To address the challenges in fragment hit detection, photoaffinity-tagged fragment libraries have emerged as a powerful tool [2]. These libraries consist of fragments equipped with a photoreactive group that, upon irradiation with light, forms a covalent bond with the target protein. Covalent labelling stabilizes the fragment-protein interaction, enabling the use of mass spectrometry (MS) for hit detection. Besides providing direct evidence of binding, this approach also allows for the identification of the binding site on the protein, offering invaluable structural information that can guide further optimization of the fragment into a drug lead.

While photoaffinity tagging offers clear advantages, it is not without limitations. One major issue is the limited photosensitivity of the commonly used diazirine tag, which can reduce the efficiency of the covalent labelling process, and thus directly impact the hit rate by missing some opportunities for hit identification. Another significant limitation of fragment libraries in general is the redundancy of the core fragments in the library. Some fragments are promiscuous binders, interacting with multiple targets, while other fragments (up to even 63% as reported by a Novartis study [3]) never appear as hits.

In response to these challenges, we have developed a pharmacophore-optimized photoaffinity (PhotoXplorer) fragment library that utilizes two innovative concepts: the SpotXplorer method for the optimization of the core fragments, and the application of an iridium-based photocatalyst to enhance labelling efficiency.

The SpotXplorer method, detailed in our 2021 study [4] (and introduced in a previous Nature Chemistry Community blog post), aims to maximize the pharmacophore coverage of fragment libraries.
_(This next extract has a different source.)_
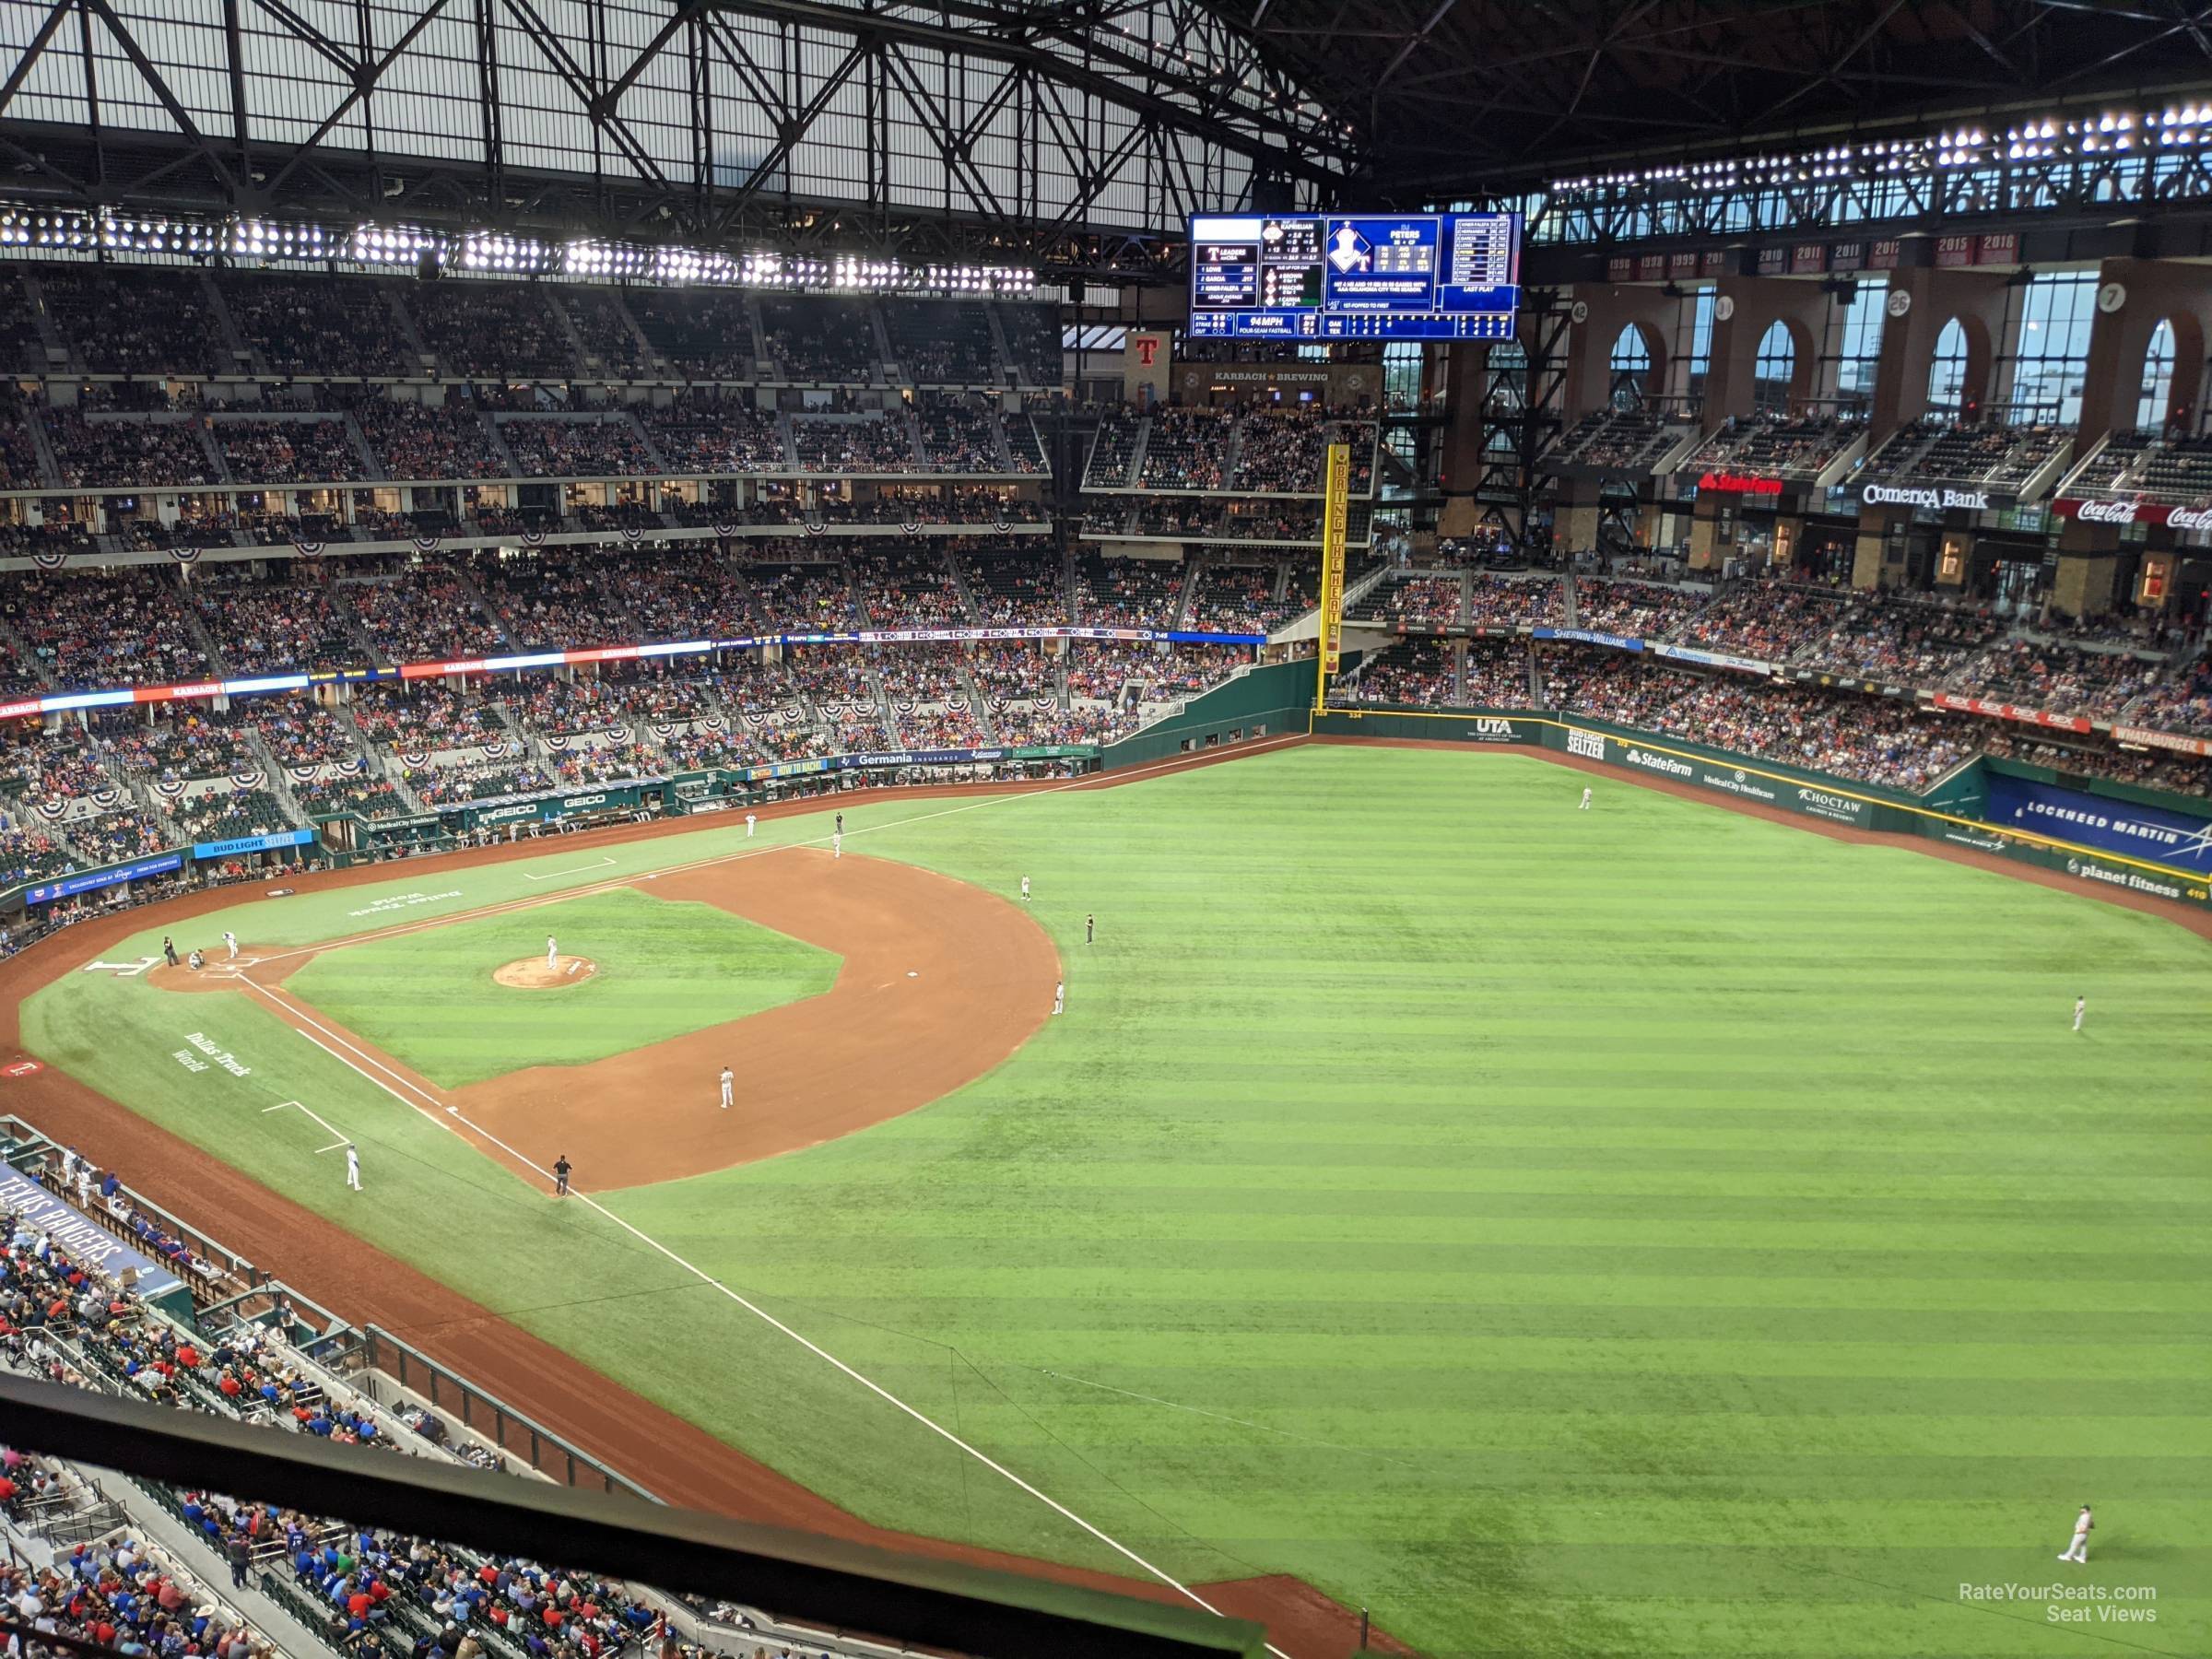 Section 323 at Globe Life Field

Our key finding was that because the number of small-molecule endogenous signalling agents (hormones, neurotransmitters, etc.) is finite, the number of protein binding sites (fine-tuned by evolution to recognize these small molecules) must be finite as well. As a result, the unique 3D binding motifs between small molecule and protein can be represented by a finite number of pharmacophores—key structural motifs that are responsible for the biological activity of a molecule. By ensuring that the fragment library covers as many unique pharmacophores as possible, the chances of identifying a true binding event are significantly increased (Figure 1).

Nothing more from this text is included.